That truck was obviously not in my research.

I'll take those keys.

I actually can't give you this car.

It's a... it's a rental.

Paige: Awful risky there, pal.

It's at nearly a perfect 45-degree angle.

How 'bout you just drink it?

Your dad...

Drew's gonna... be here soon.

You excited for the baseball game?

I'm very... excited.

Yeah, you seem like it.

Sylvester: Oh...

So now you owe a Lamborghini to a man named Slavomir?

With a Serbian g*ng tattoo.

Great guy to owe a debt.

No, no, no. The question is how to face the same obstacle and still manage to win.

You accelerate toward the driver's back fender, he passes your plane, and you won't lose speed.
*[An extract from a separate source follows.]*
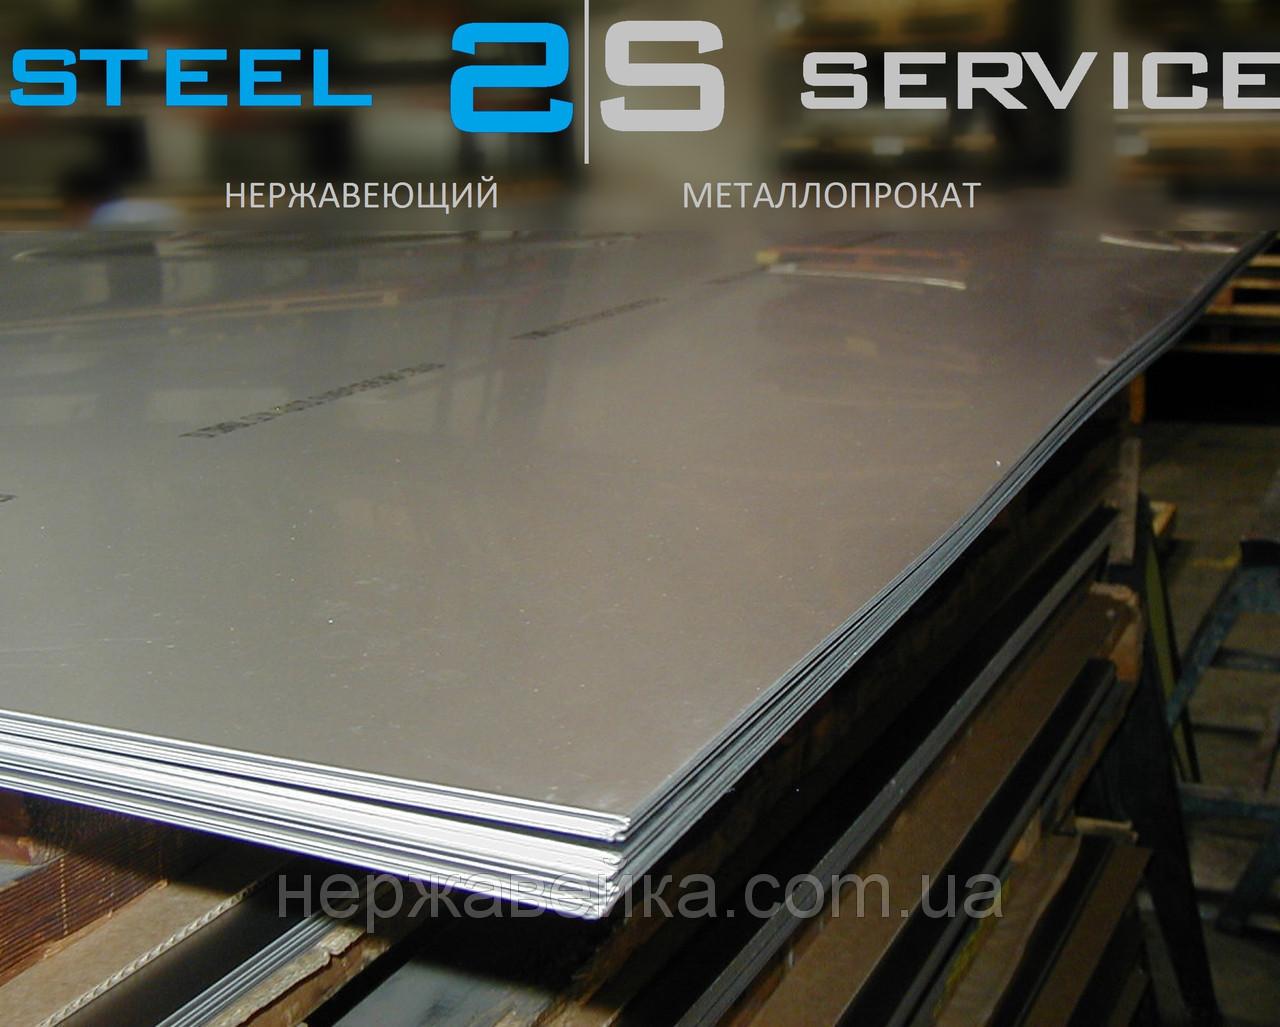 Нержавеющий лист 16х1500х3000мм  AISI 309(20Х23Н13, 20Х20Н14С2) F1 - горячекатанный,  жаропрочный

But the better question might be, why the hell were you doing this?

It's a hobby.

Or you're trying to distract yourself. Question is, from what?

(knocking)

Hey.

Uh, they're in the kitchen.

Thanks.

Gentlemen.

Paige: Hey, just a sec...

Ralph's still finishing breakfast.

Is it a coincidence that this behavior syncs with Drew showing up last week?

Pure coincidence. Pure.

I found this stuffed in Ralph's backpack.

Algebra quiz, D-minus.

He said he just... forgot to study.

He could have nailed this dead asleep.

Yeah.

Walter: Is everything all right with Ralph and Drew?

I thought so.

Drew's trying. He's taking him to a minor league baseball game today.

But then I see this.

Maybe you can talk to Ralph?

Give him a little pep talk?

Yeah, sure. Yeah.

Okay.

Paige: Ralph.

Why don't you come here for a second.

Walter wants to talk to you.

Hey.

So...

Are you frustrated?

Are you distracted?

You angry?

Because this... this is not you.

Maybe that's a good thing.

(phone ringing)

I need to go.

Sylvester Dodd. Oh, hi, Cabe.

Okay, have fun.

Sylvester: What do you mean by that? Let me get Walter.

I couldn't get anywhere.

Thanks for trying.

Okay, so Cabe gave me a bit of a rundown.

Okay.

Hey, Cabe.

(siren whoops)

I just don't know if I can handle seeing a m*rder victim.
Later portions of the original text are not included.